# Batman begins again



## old blue (May 4, 2007)

I recently picked up an Aurora Batmobile at a discount price because someone cut notches in the sides of the body. In a brave move I decided I could repair these notches and have a complete Batmobile. I communicated with Bill Hall and he suggested I document the journey on HT. He also said to use black plastic from an AFX Shadow body to fill in the notches. So, attached are the photos of the sides of the car and I will post my progress as I go. 

I also learned to photograph through my lighted magnifying glass which made a huge difference.


----------



## hojoe (Dec 1, 2004)

You think that was done to make it fit another chassis? And if so, which one?
hojoe


----------



## Hittman101 (Oct 21, 2009)

Can't wait to see how it comes out!!!


----------



## slotcarman12078 (Oct 3, 2008)

Best of luck Blue!


----------



## old blue (May 4, 2007)

First step was to carve out a suitable piece of donor plastic to fit as tightly as possible to the body. I tried the piece in the notch several times until it fit just right. I then looked at it from the inside and outside to make sure I was consistent with the curve of the body. I left the piece long so it stuck down and gave me something to hold on to with tweezers. Once it was positioned in place I put the first coat of Testors on the inside of the body and let it dry. Later I came back and put a coat of Testors on the outside. I found that the brush that comes with the Testors is a little too generous so I tried one of the micro paint brushes from the hobby shop, that seemed to be just right to apply it without spreading it too far. 
My photography stinks.
To answer HOJoe, I think the notches were cut for side pipes. They don't seem to be big enough for much else.


----------



## slotcarman12078 (Oct 3, 2008)

Hint: Your auto focus looked for lettering and zero'ed in on it. Place the body on a sheet of plain white paper so your camera has to focus on the car. If it doesn't focus right the first time, tap the shoot button again and it will pick a different object to focus on. I have to try 4-5 times sometimes to get it to focus on the car, and not something else.

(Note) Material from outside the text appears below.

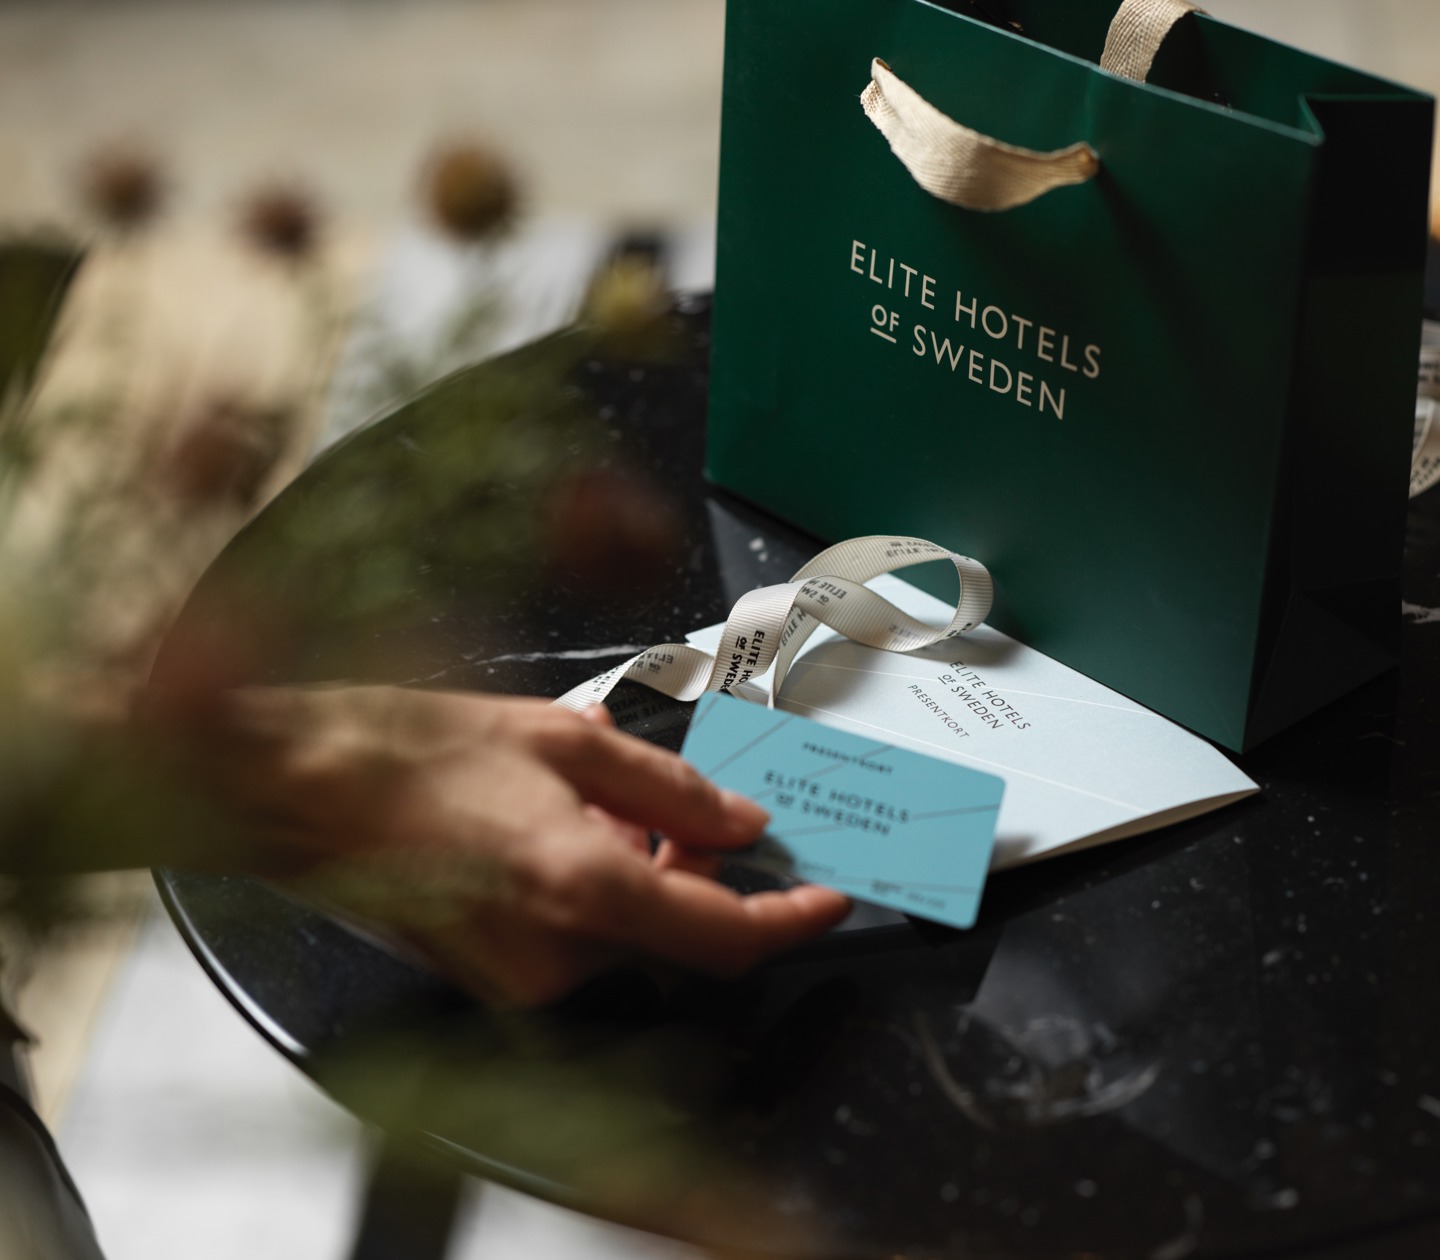 Person holding gift card from Elite hotels

If you really want to kick it up a notch (for a camera with a tripod mount), grab a small tripod at Walmart in the Photo section. Mine was less than 10.00, and makes shooting much easier, even though my Kodak has the mount off to the side. I just had to extend the legs a bit and tilt the camera to make it work.

If your pix are taken with a cell phone, I can't help, but maybe others will get some use.


----------



## alpink (Aug 22, 2010)

https://autos.yahoo.com/news/original-batmobile-sale-not-one-think-143056598.html

https://autos.yahoo.com/photos/1963-original-batmobile-1415998672-slideshow/


----------



## Omega (Jan 14, 2000)

Great story Al, thanks for posting it. That would make a cool slotcar.

Dave


----------



## carlos.arista (Nov 26, 2014)

This is awesome. Batman deserves a nice hot rod.


----------



## Boosted-Z71 (Nov 26, 2007)

Thanks for the Batman info Al, I never knew about that car, We have a garage about 35 miles from here that does Custom Batmobiles,

https://buybatparts.com/cms/ 

I have seen several in person and they are top notch builders & recreations

Very cool 

Boosted


----------